*WHAT TO PRODUCE:*
Below are the entries. Transcribe exactly the lines from the one with "Bateria Moura 10ah" through the one with "Chevrolet Camaro Hot", ends included, and leave out all others.

------ WORKING DATA ------

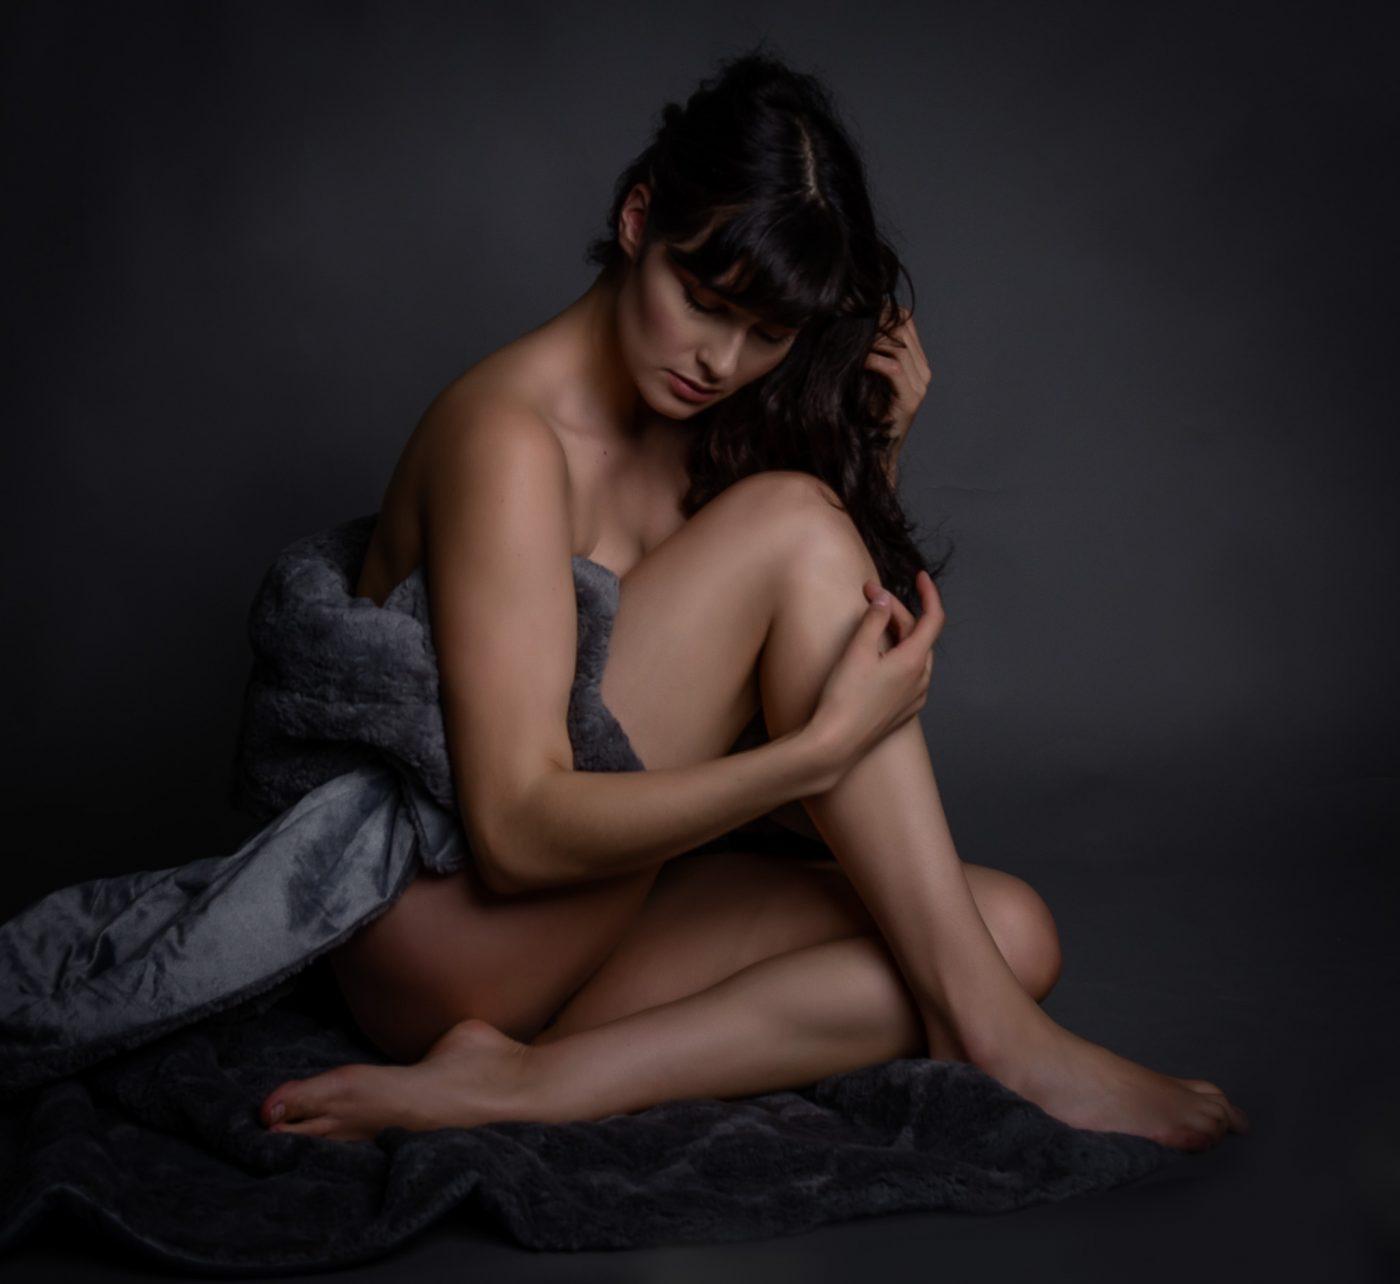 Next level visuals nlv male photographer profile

------
------ WORKING DATA ------

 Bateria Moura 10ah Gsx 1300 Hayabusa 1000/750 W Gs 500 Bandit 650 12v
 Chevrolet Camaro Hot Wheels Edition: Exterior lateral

------
------ WORKING DATA ------

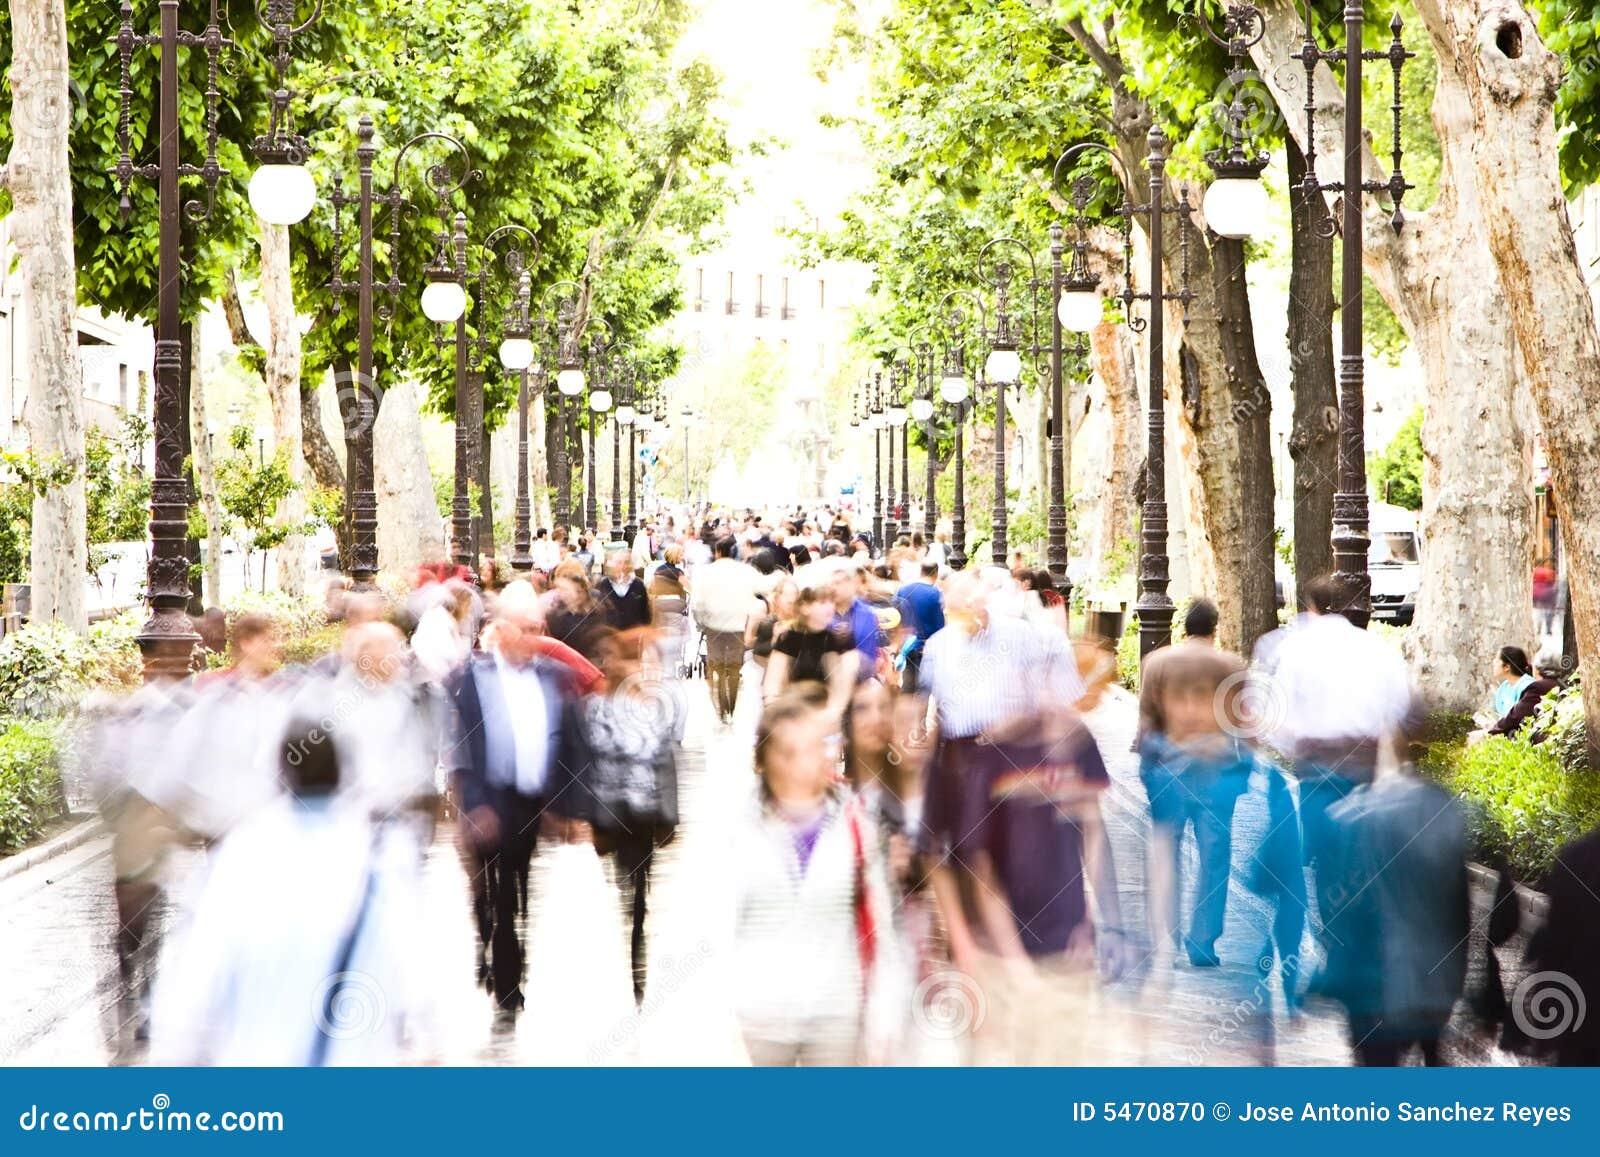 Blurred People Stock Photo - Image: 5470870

------

*COMPLETED TASK:*
 Bateria Moura 10ah Gsx 1300 Hayabusa 1000/750 W Gs 500 Bandit 650 12v
 Chevrolet Camaro Hot Wheels Edition: Exterior lateral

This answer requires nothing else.